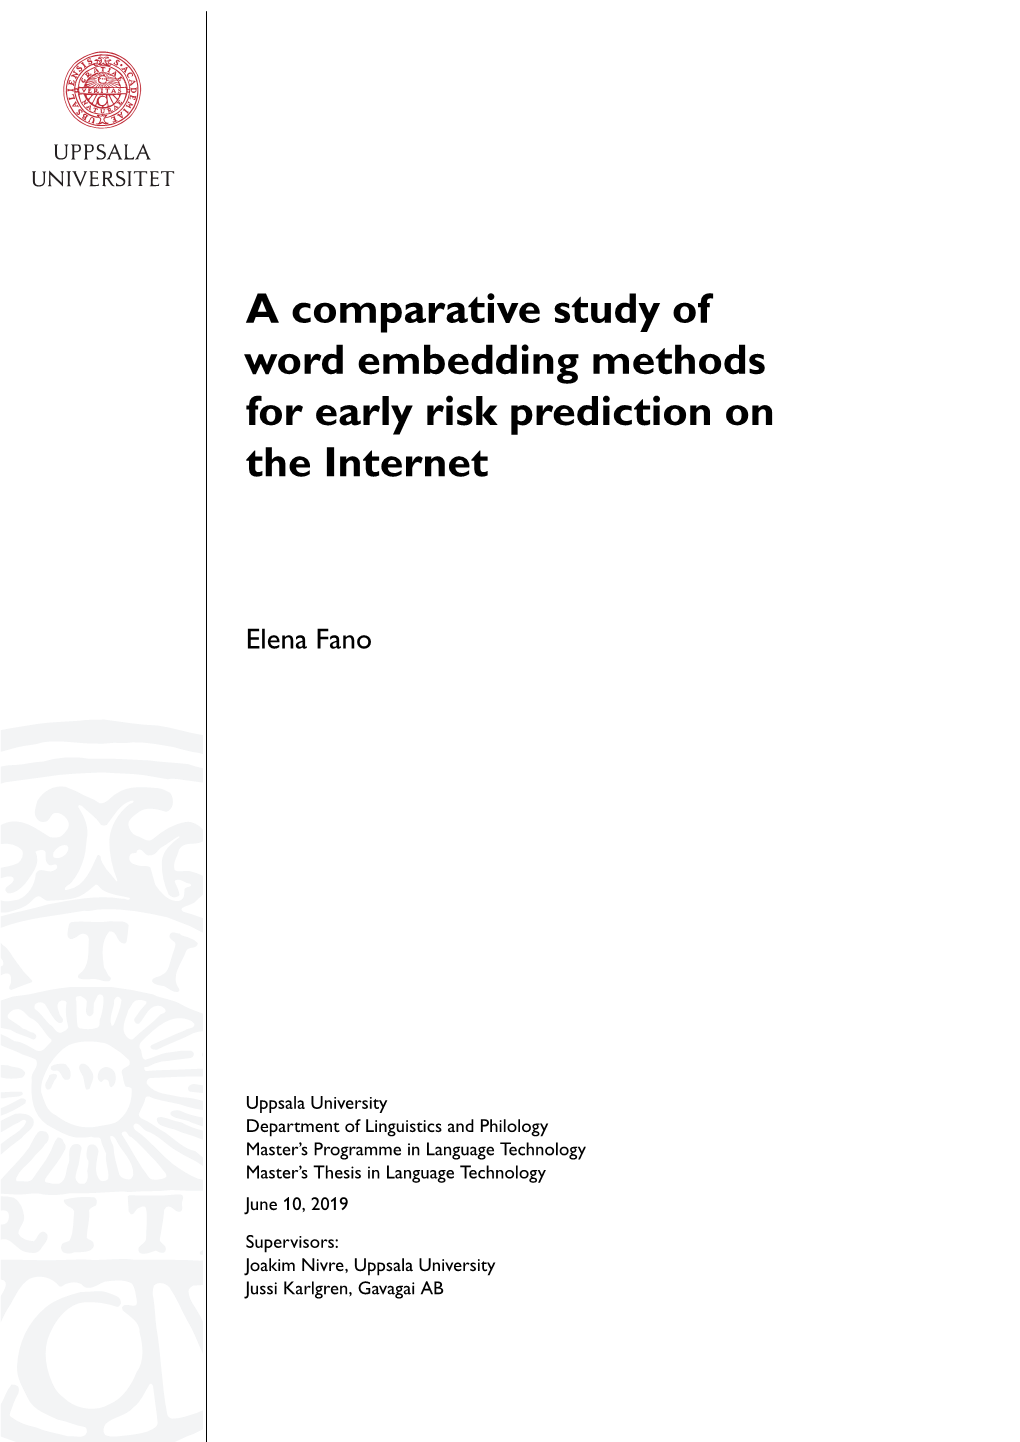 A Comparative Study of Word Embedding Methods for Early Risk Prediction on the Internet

════════

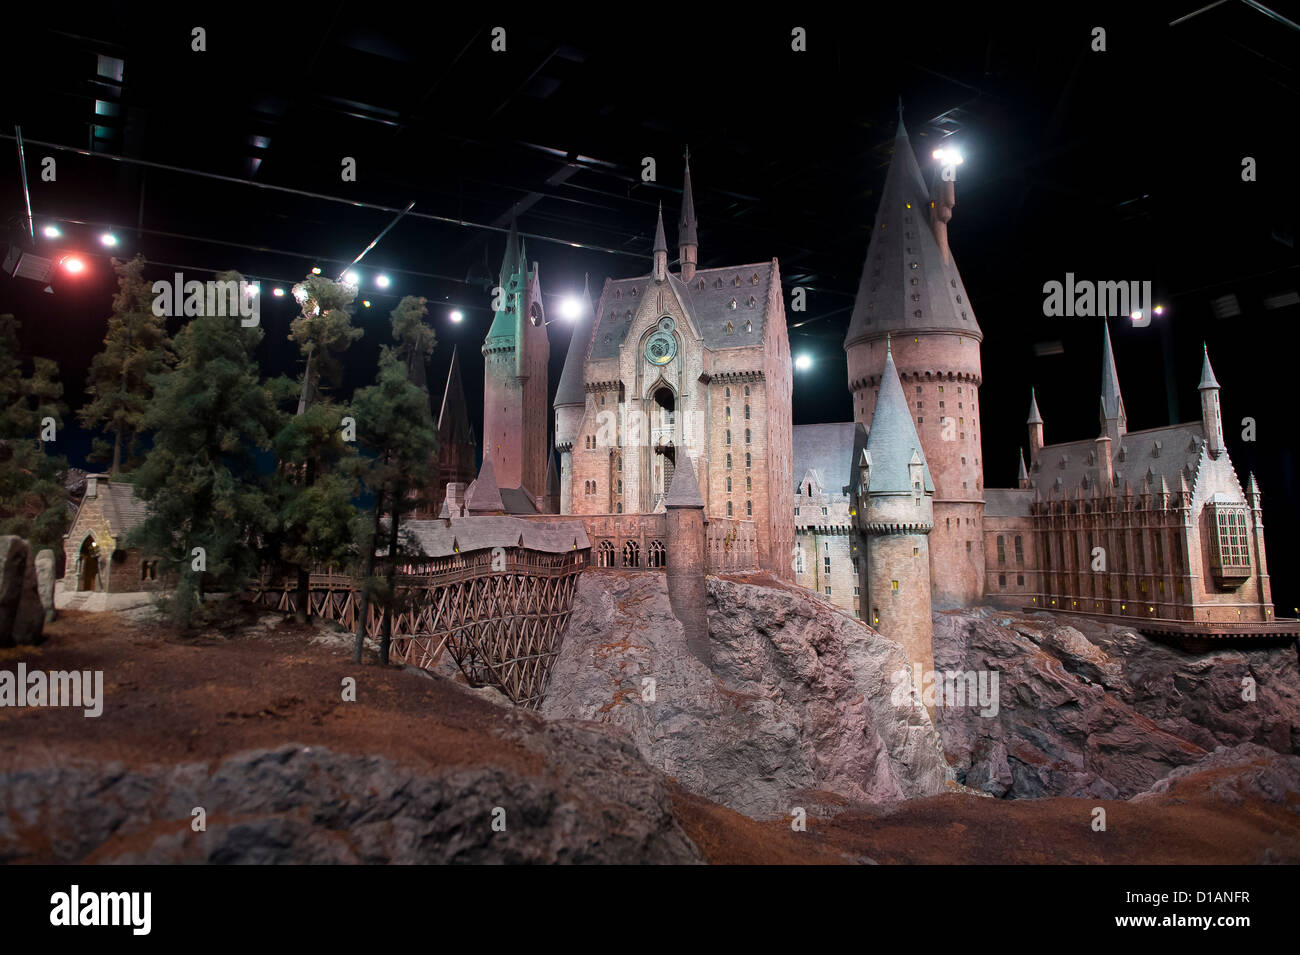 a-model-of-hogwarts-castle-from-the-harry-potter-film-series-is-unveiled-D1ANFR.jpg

════════

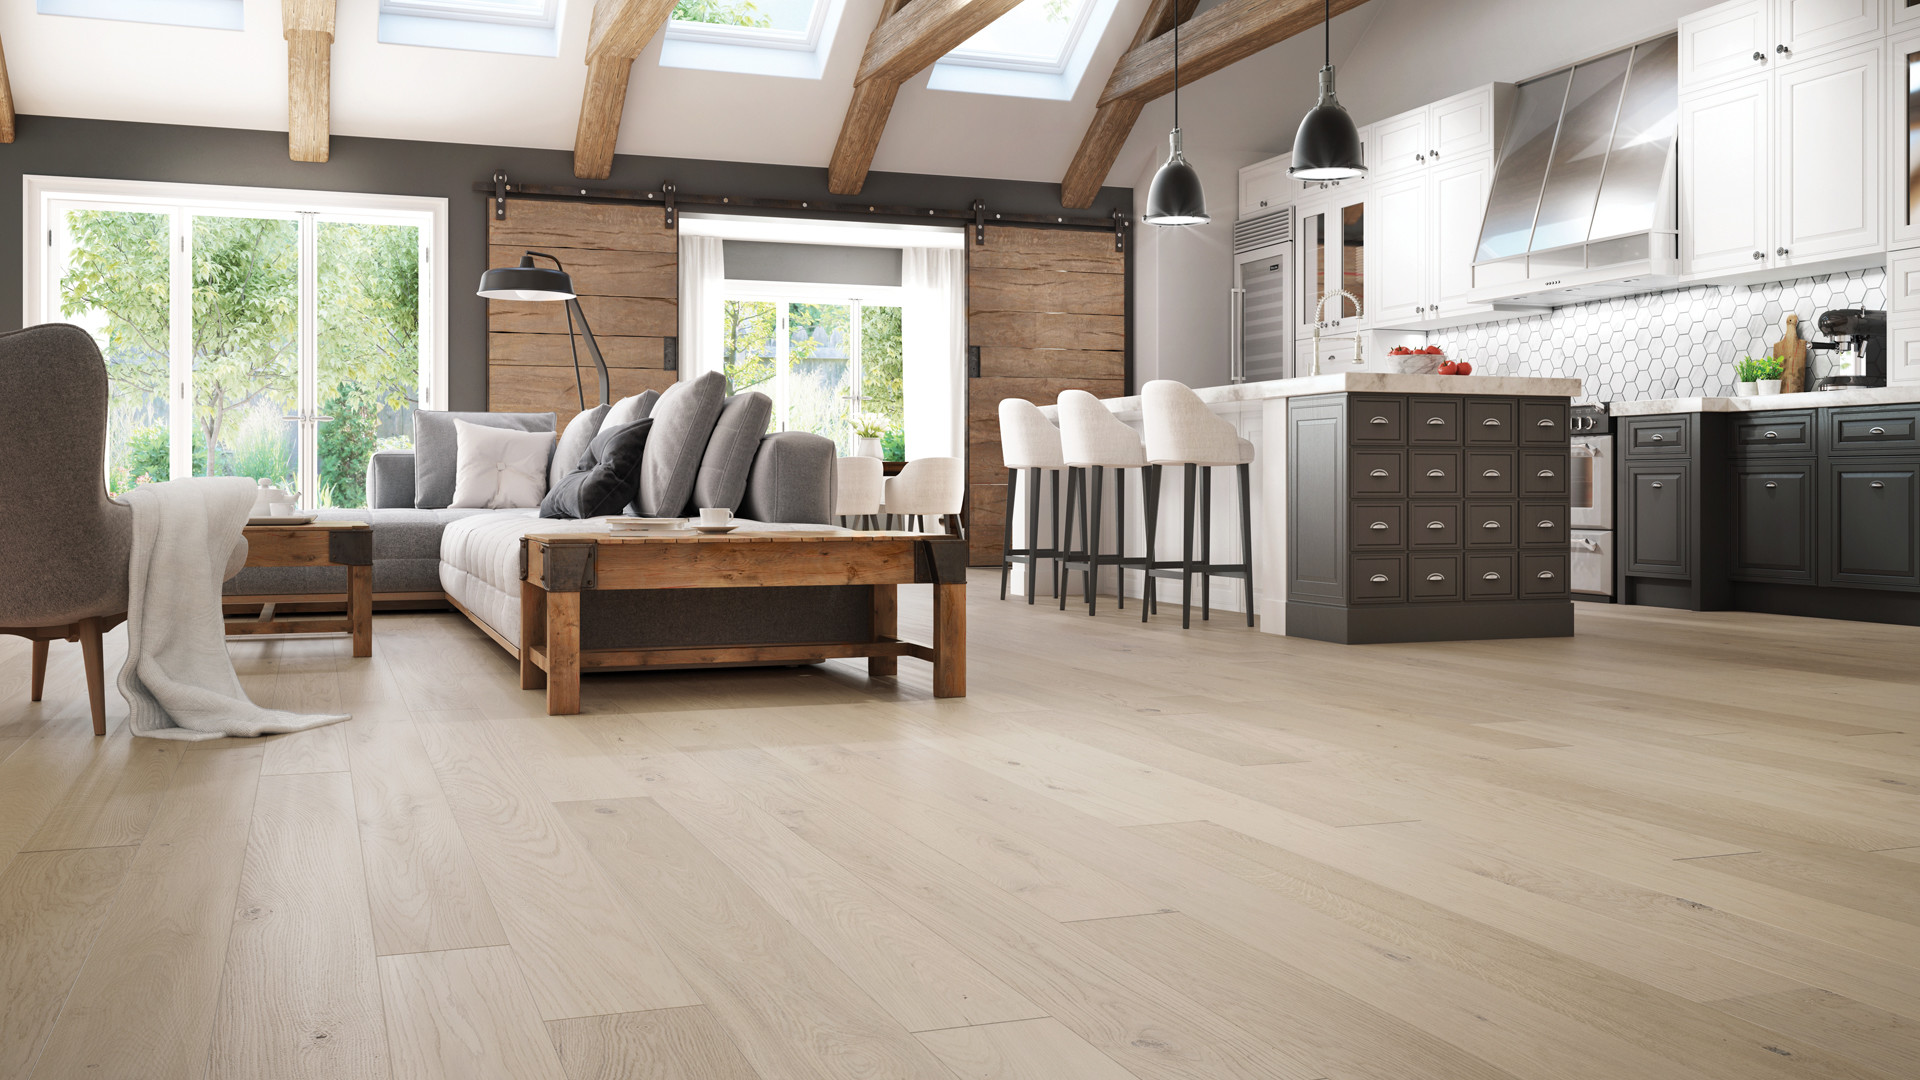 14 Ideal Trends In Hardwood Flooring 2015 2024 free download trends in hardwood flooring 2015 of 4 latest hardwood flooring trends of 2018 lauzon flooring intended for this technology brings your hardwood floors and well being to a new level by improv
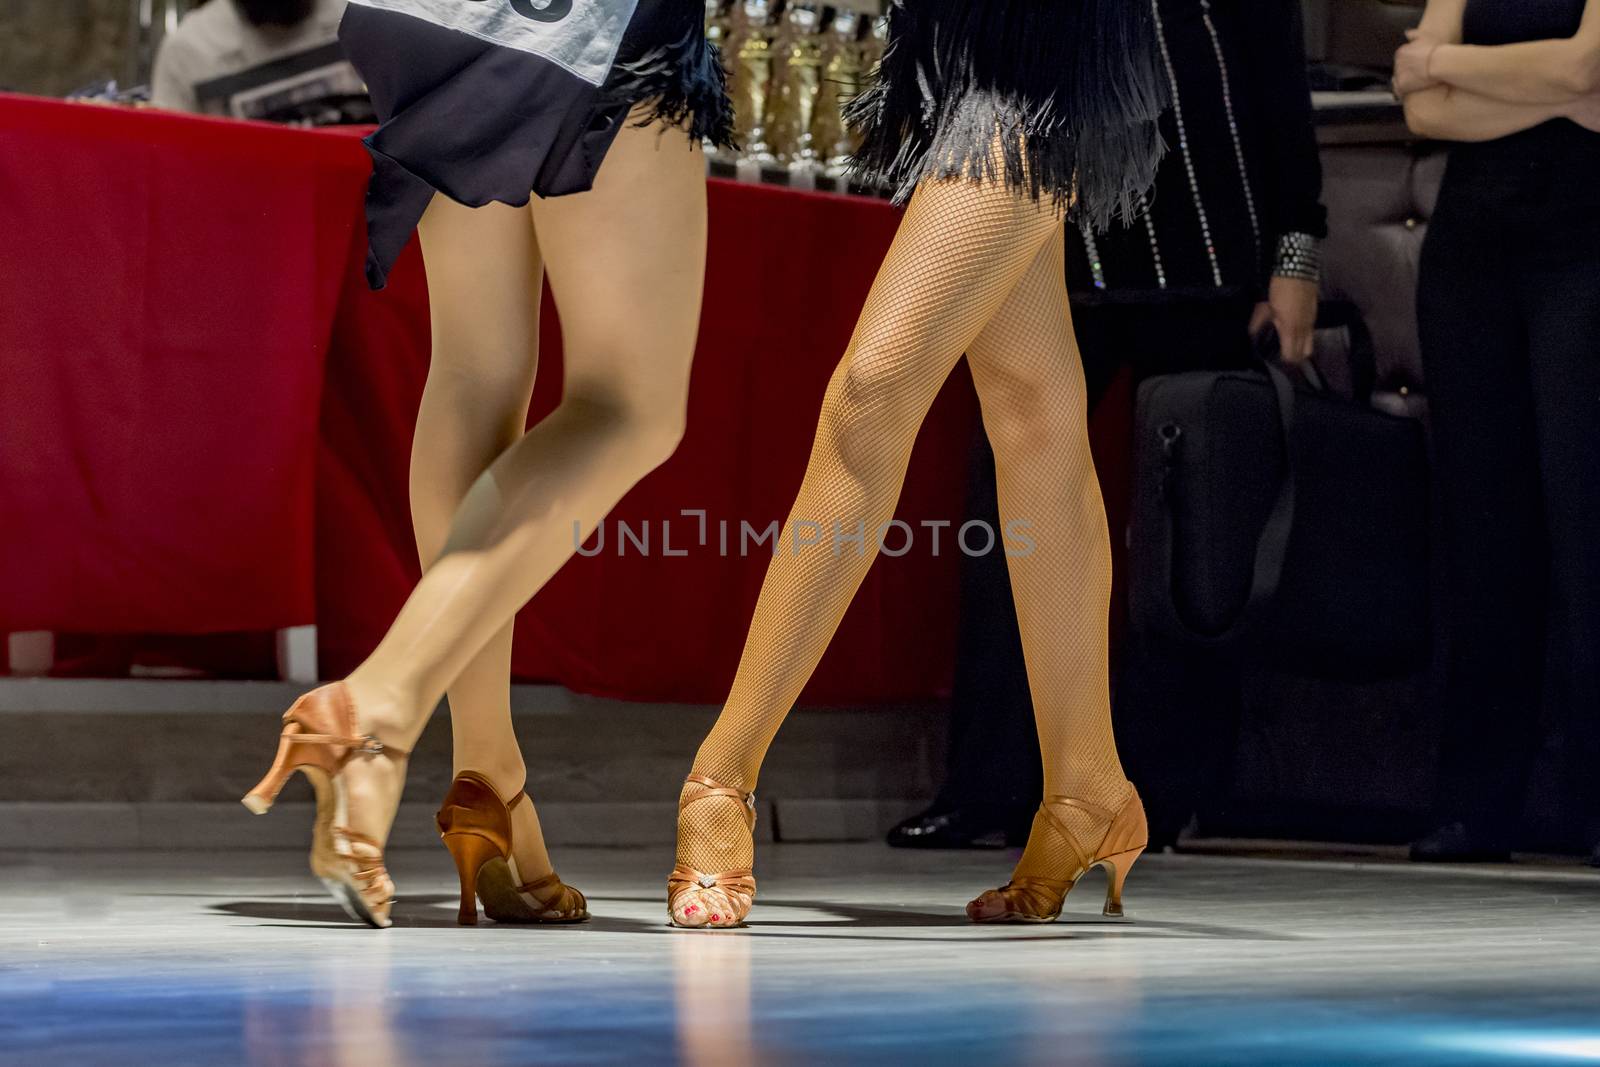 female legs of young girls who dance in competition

════════

Please copy out from the data above, without any picture, exactly the lines running from the one that holds "14 Ideal Trends" through the one that holds "female legs of", and nothing beyond them.

 14 Ideal Trends In Hardwood Flooring 2015 2024 free download trends in hardwood flooring 2015 of 4 latest hardwood flooring trends of 2018 lauzon flooring intended for this technology brings your hardwood floors and well being to a new level by improv
 female legs of young girls who dance in competition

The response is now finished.